The following are the requirements to run HPO on your model.

Your model must be IMPROVE compliant, containerized, and packaged in a singularity image. You can identify the image file by the *.sif suffix. Default definition files can be found in the IMPROVE Singularity repository. The container should expose the following interface scripts:

  • preprocess.sh

  • train.sh

  • infer.sh

Steps

  1. Install prerequisites

  2. Preprocess data

  3. Create config files for experiment.

  4. Run HPO with supervisor::

    supervisor ${location} ${workflow} ${config}

  1. Analysis

Install Prerequisites

Refer to the Prerequisites Guide

Preprocess Data

This step is only necessary if your data has not already been preprocessed and stored on your filesystem. To preprocess your data, you’ll need to call preprocess.sh in your singularity container with the needed command line arguments. Preprocess using the following command with your arguments:

singularity exec --bind $IMPROVE_DATA_DIR:/IMPROVE_DATA_DIR <path_to_sif_file>.sif preprocess.sh /IMPROVE_DATA_DIR --train_split_file <dataset>_split_0_train.txt \
--val_split_file <dataset>_split_0_val.txt --ml_data_outdir /IMPROVE_DATA_DIR/<desired_outdir>

Create config files

A directory with copy-and-customize config files here at Example Files, along with a README that explains the settings used. Create with the following steps:

  1. mkdir Experiment && cd Experiment

  2. Create config file cfg-1.sh:

    source_cfg -v cfg-my-settings.sh
    
    export CANDLE_MODEL_TYPE="SINGULARITY"
    export MODEL_NAME=${/PATH/TO/SINGULARITY/IMAGE/FILE.sif}
    export PARAM_SET_FILE=${/PATH/TO/GA/PARAMETER/FILE.json} #e.g hyperparams.json
    
  3. Create config file cfg-my-settings.sh:

    echo SETTINGS
    
    # General Settings
    export PROCS=4
    export PPN=4
    export WALLTIME=01:00:00
    export NUM_ITERATIONS=3
    export POPULATION_SIZE=2
    
    # GA Settings (optional)
    export GA_STRATEGY='mu_plus_lambda'
    export OFFSPRING_PROPORTION=0.5
    export MUT_PROB=0.8
    export CX_PROB=0.2
    export MUT_INDPB=0.5
    export CX_INDPB=0.5
    export TOURNSIZE=4
    
    # Add any additional settings needed for your system.
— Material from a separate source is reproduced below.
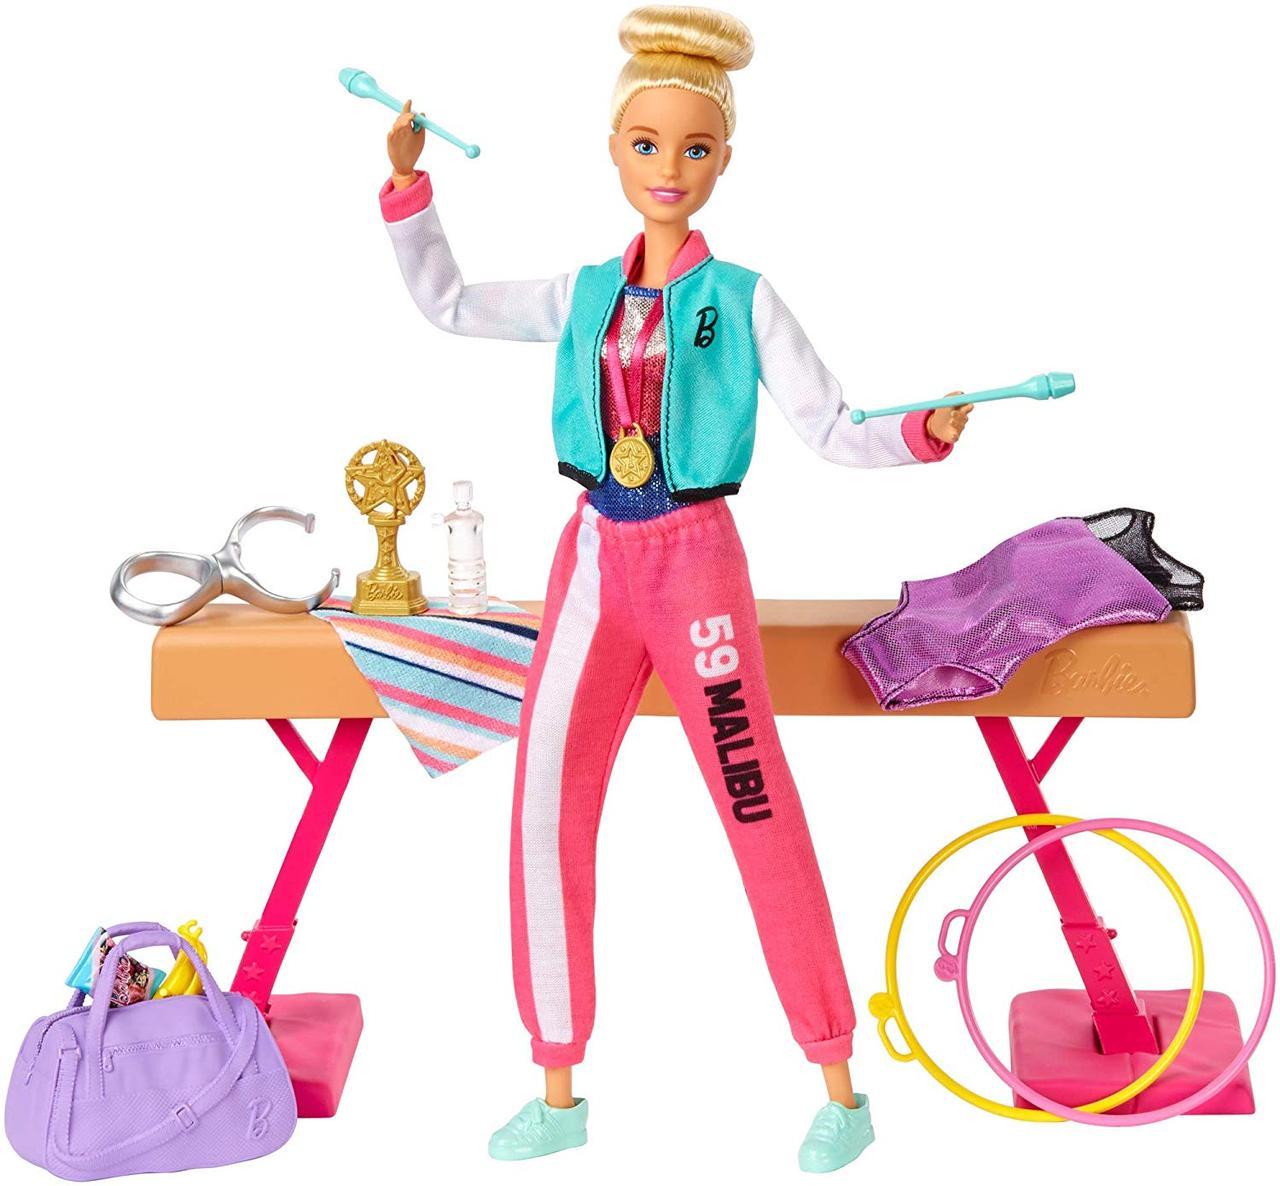 Набор Барби Гимнастика, Barbie Gymnastics Playset, Mattel Оригинал из США
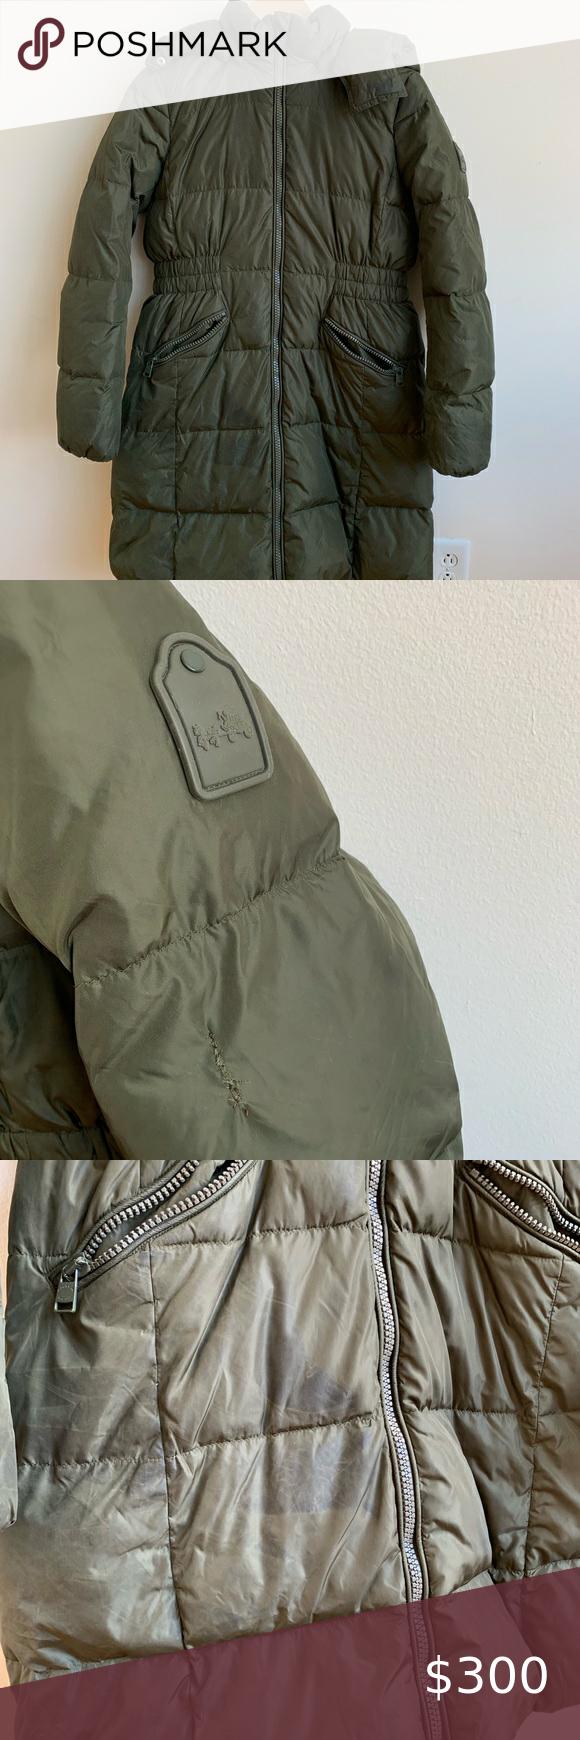 Coach Puffer Jacket Jackets Puffer Jackets Women Shopping [ 1740 x 580 Pixel ]

General settings and system settings need to be set by the user, while GA settings don't need to be changed.
    # Default settings for lambda and polaris are given here.
    
    # If you have write access to the shared filesystem on your computation system (such as /lambda_stor),
    # you can save there. If not, make a directory in /tmp or somewhere else you can write.
    
    # Lambda Settings
    # export CANDLE_DATA_DIR=/tmp/<user>/data_dir
    
    # Polaris Settings
    # export QUEUE="debug"
    # export CANDLE_DATA_DIR=/home/<user>/data_dir
    

More information on Polaris job submitting (nodes, walltime, queue, etc…) can be found here: https://docs.alcf.anl.gov/polaris/running-jobs/

  1. Create parameter file hyperparams.json:

    [
    
      {
        "name": "train_ml_data_dir",
        "type": "constant",
        "value": "<train_data_dir>"
      },
      {
        "name": "val_ml_data_dir",
        "type": "constant",
        "value": "<val_data_dir>"
      },
      {
        "name": "model_outdir",
        "type": "constant",
        "value": "<desired_outdir>"
      },
    
      {
        "name": "learning_rate",
        "type": "float",
        "use_log_scale": true,
        "lower": 0.000001,
        "upper": 0.0001
      },
      {
        "name": "num_layers",
        "type": "int",
        "lower": 1,
        "upper": 9
      },
      {
        "name": "batch_size",
        "type": "ordered",
        "element_type": "int",
        "values": [16, 32, 64, 128, 256, 512],
        "sigma": 1
      },
      {
        "name": "warmup_type",
        "type": "ordered",
        "element_type": "string",
        "values": ["none", "linear", "quadratic", "exponential"],
        "sigma": 0.5
      },
      {
        "name": "optimizer",
        "type": "categorical",
        "element_type": "string",
        "values": [
          "Adam",
          "SGD",
          "RMSprop"
        ]
      },
    
      {
        "name": "epochs",
        "type": "constant",
        "value": 150
      }
    
    ]
    

Make sure to set the hyperparameter space to what you desire, the above file is an example. The upper and lower describe the bounds of the hyperparameter. Hyperparameters of float, int, ordered, categorical, and constant types are supported, with ordered and categorical hyperparameters supporting float, int, and string types. Log scale exploration is also supported for float and int hyperparameter types. More about additional customization and methods can be found in the HPO Parameters Guide.

Supervisor setup

Supervisor is built on the Swift/T workflow language and the EMEWS Framework.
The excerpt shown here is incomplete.